А приходилось ему так, что иногда он скрипел зубами.
Три с половиной года назад Виктор окончил училище и получил назначение на Северный флот.
Татьяну он с собой не взял. Сыну исполнилось всего несколько месяцев. Дело было в начале зимы — в общем, Татьяна с парнишкой остались в Ленинграде у тещи, а Макаров полетел на Север один.
Лодка его была в строю. Несколько месяцев в году она проводила в море. Сейчас она стояла у пирса. Макарова поселили на плавбазе, что стояла у того же пирса, и стали оформлять допуска. Моряки, то есть матросы и старшины, называли его на плавбазе «товарищ лейтенант», на вопросы его отвечали «так точно» или «никак нет», во время завтрака каюту его убирали. Макаров чувствовал себя офицером, выпускником прекрасного инженерного училища.
«Теперь, — думал он, — пора начинать жить». Жить… Впрочем, тут, наверно, надо определить, что же для него тогда означало это слово.
До третьего курса в училище Макаров добрался еле-еле. Учебная программа его не тяготила, но к стенам он привыкнуть никак не мог, и, если взбрело в голову, он мог пролежать лекции на крыше или прыгнуть вечером через забор. Раза два его собирались из училища отчислять. А потом начальником факультета к ним назначили этого человека. Он был похож на Чарли Чаплина, который устало уходит от вас по дороге, — вот какая у него была походка. И лицо тоже было невоенное. Будто, сколько бы ему про тебя ни говорили, что ты — негодяй, он все равно знает, что это не так, а если ты негодяйствовал, то просто не знал, сколь это плохо. Не понял он еще, что ты негодяй. И не поймет. Вот какое у него было лицо.
Макаров бы, наверно, проглядел его — такой уж был возраст. Но как-то в субботу начфак вызвал Макарова к себе в кабинет, взял его за локоть и сказал:
— Хочу вас видеть завтра у себя дома. Вы не заняты вечером? Придете?
Начфак был капитаном первого ранга, Виктор Макаров — курсантом, да еще из неблагополучных, во всяком случае, думал о себе именно так. От приглашения Виктор онемел.
А на следующий вечер в гостях у Чарли (его так и прозвали) сидел весь факультетский кружок электроники.

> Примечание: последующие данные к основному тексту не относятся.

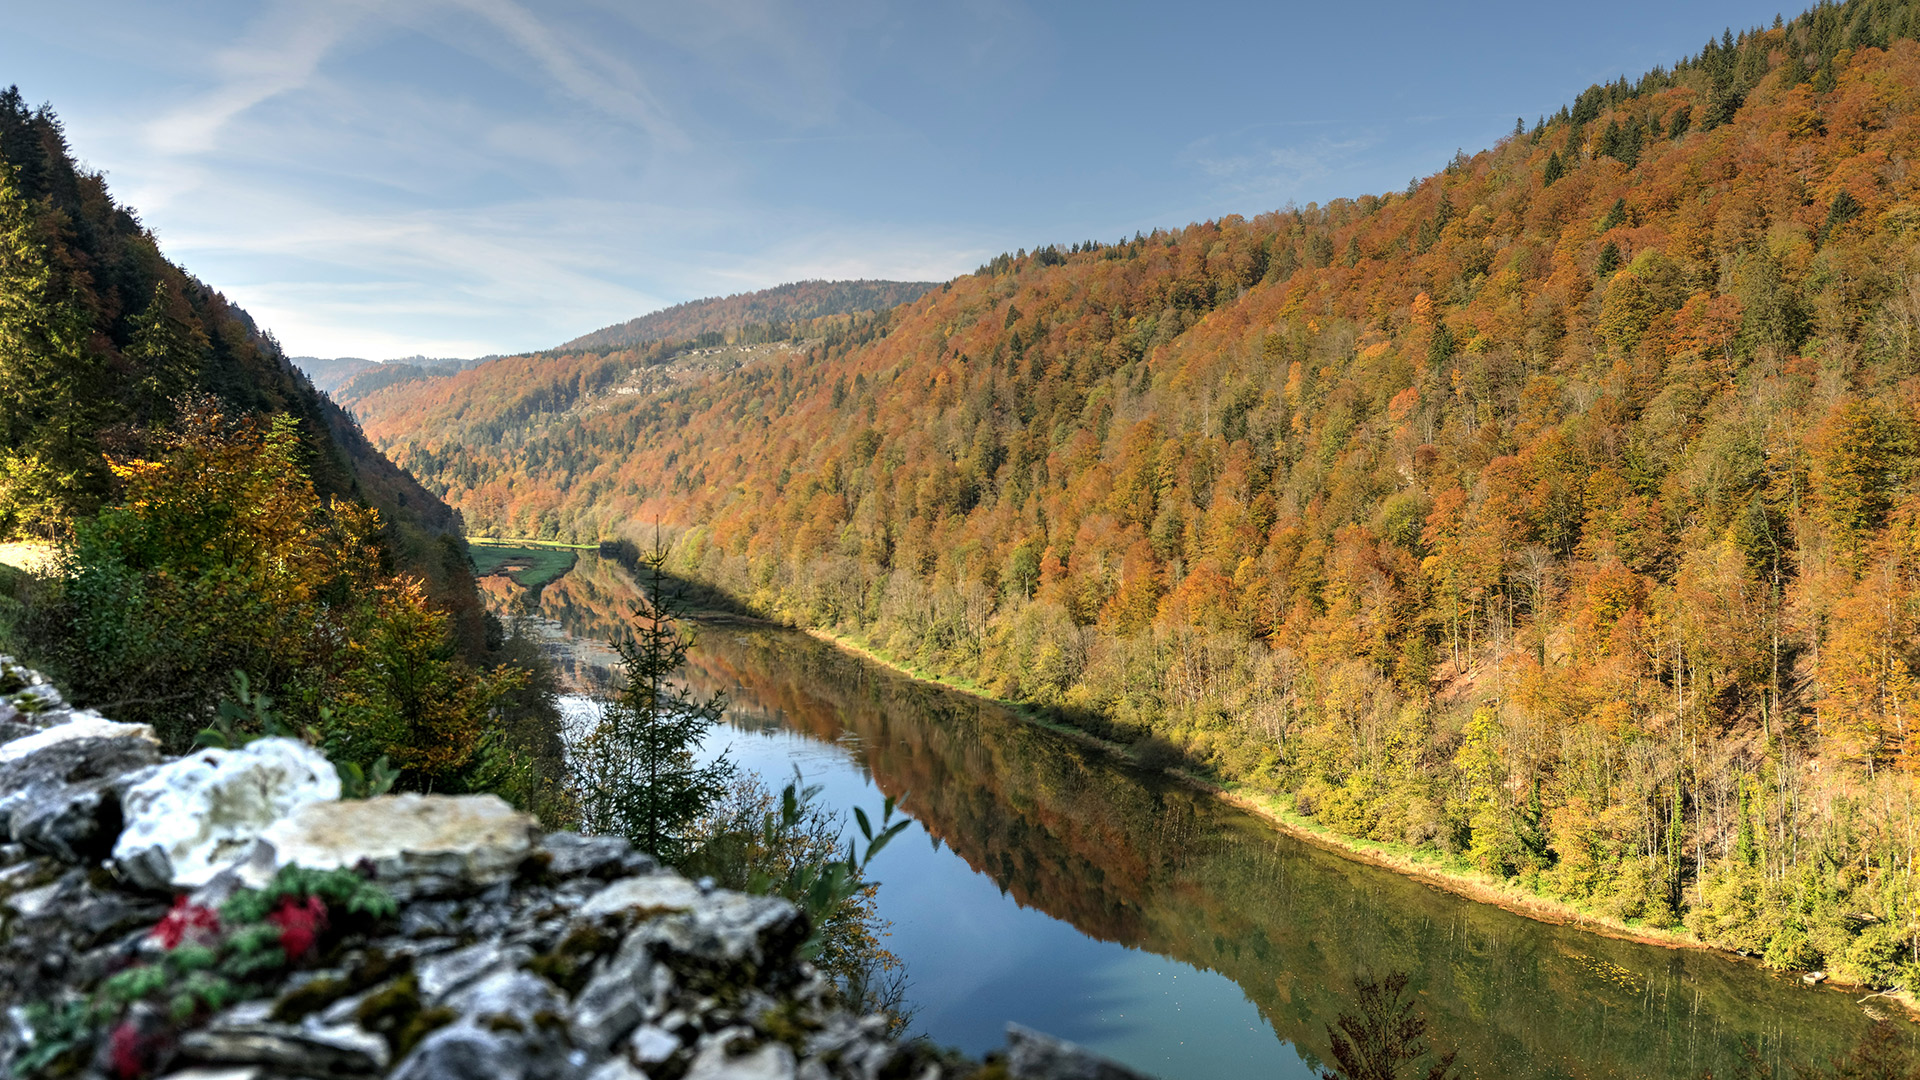 View of the river Doubs, Switzerland in autumn, near Le Noirmont

— Понимаете, ребята, — говорил Чарли. — Основные процессы, которые происходят в работающей энергетической установке, описываются теми же математическими зависимостями, что и некоторые электрические. Воьмем кривую разряда обыкновенного конденсатора… А не хотели бы вы построить работающую модель установки?
Заговорили не сразу — все приглядывались и переглядывались. Но Чарли не отступал. А потом их забрало… Да в самом деле — модель установки со всеми кнопками управления, с приборами контроля, с экраном, по которому ползет кривая мощности… Их забрало, да еще как. Через два месяца их за уши было не вытащить из лаборатории, где они строили модель. А Чарли — фамилия его была Сергеев — уже хотел, чтобы они думали над тем, как смоделировать процессы аварийной остановки и повторного пуска…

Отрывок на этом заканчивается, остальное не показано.